Your instructions: Once you find the line below that has "Man in black", output it and every line after it exactly, stopping after the line that has "Prada Oval Sunglasses White Talc 0PR 26ZS", with no pictures.

Dataset entries:
»»
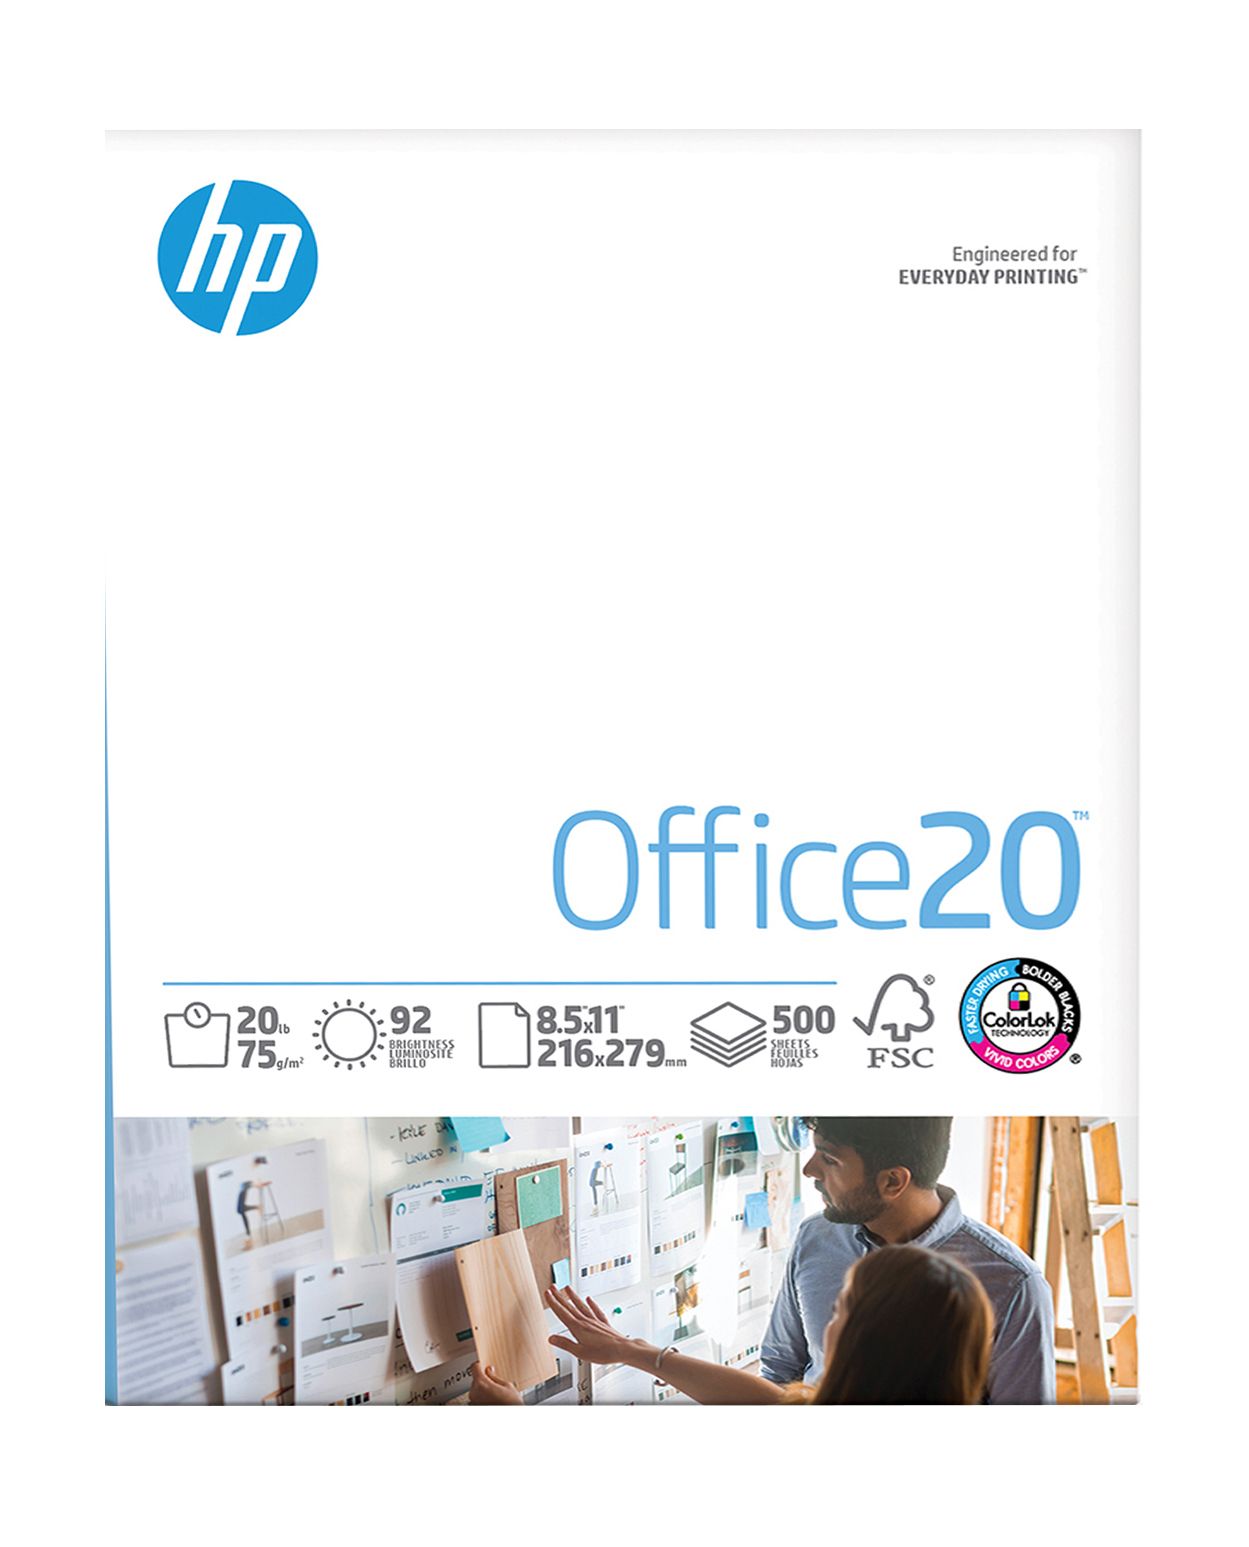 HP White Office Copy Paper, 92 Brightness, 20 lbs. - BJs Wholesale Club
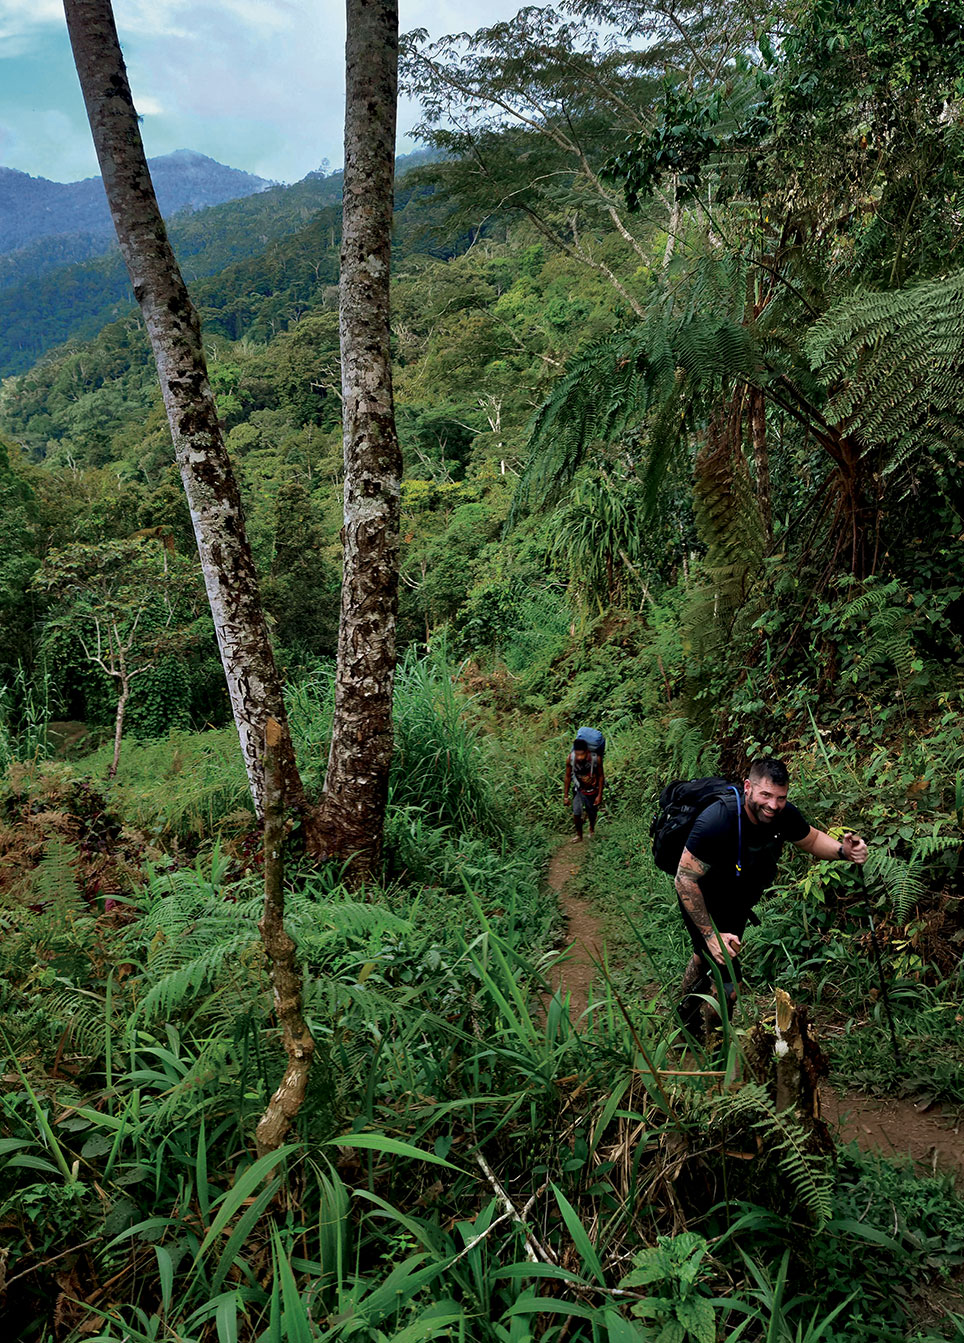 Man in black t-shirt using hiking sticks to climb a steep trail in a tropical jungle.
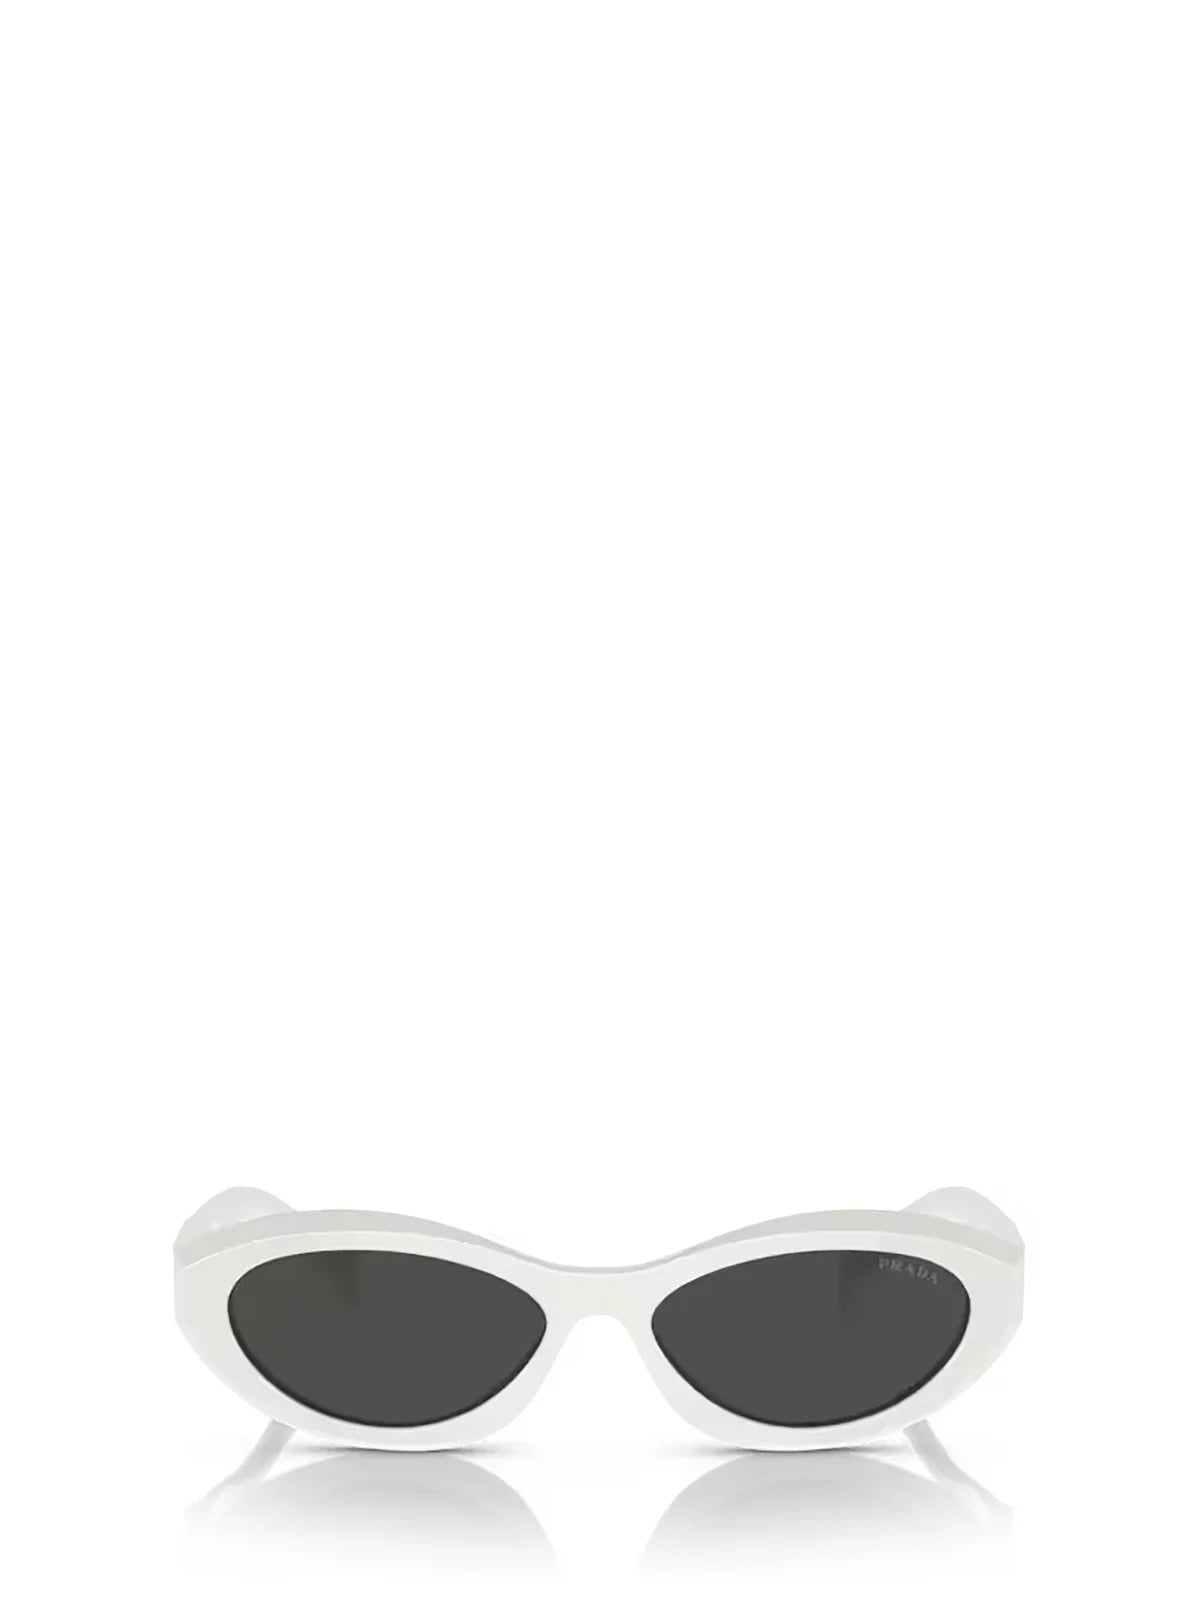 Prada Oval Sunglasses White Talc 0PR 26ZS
««
»»
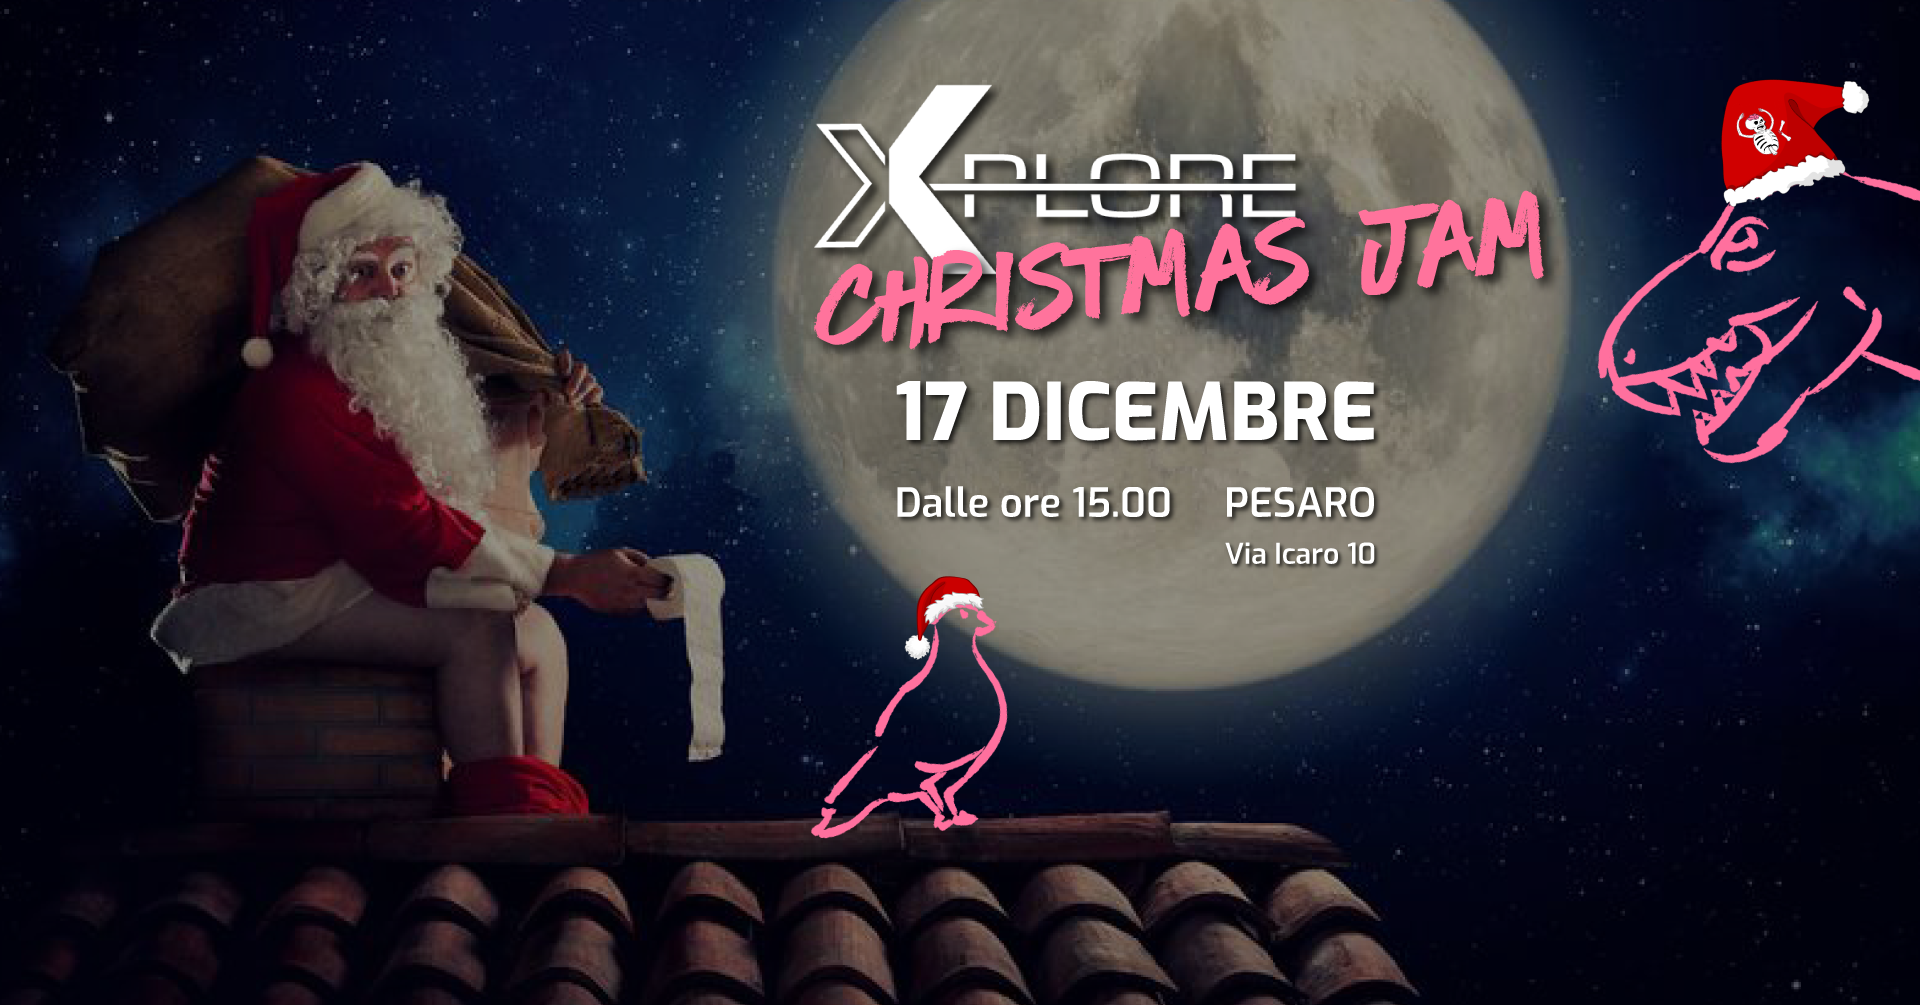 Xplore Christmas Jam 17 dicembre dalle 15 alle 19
««
Response box:
 Man in black t-shirt using hiking sticks to climb a steep trail in a tropical jungle.
 Prada Oval Sunglasses White Talc 0PR 26ZS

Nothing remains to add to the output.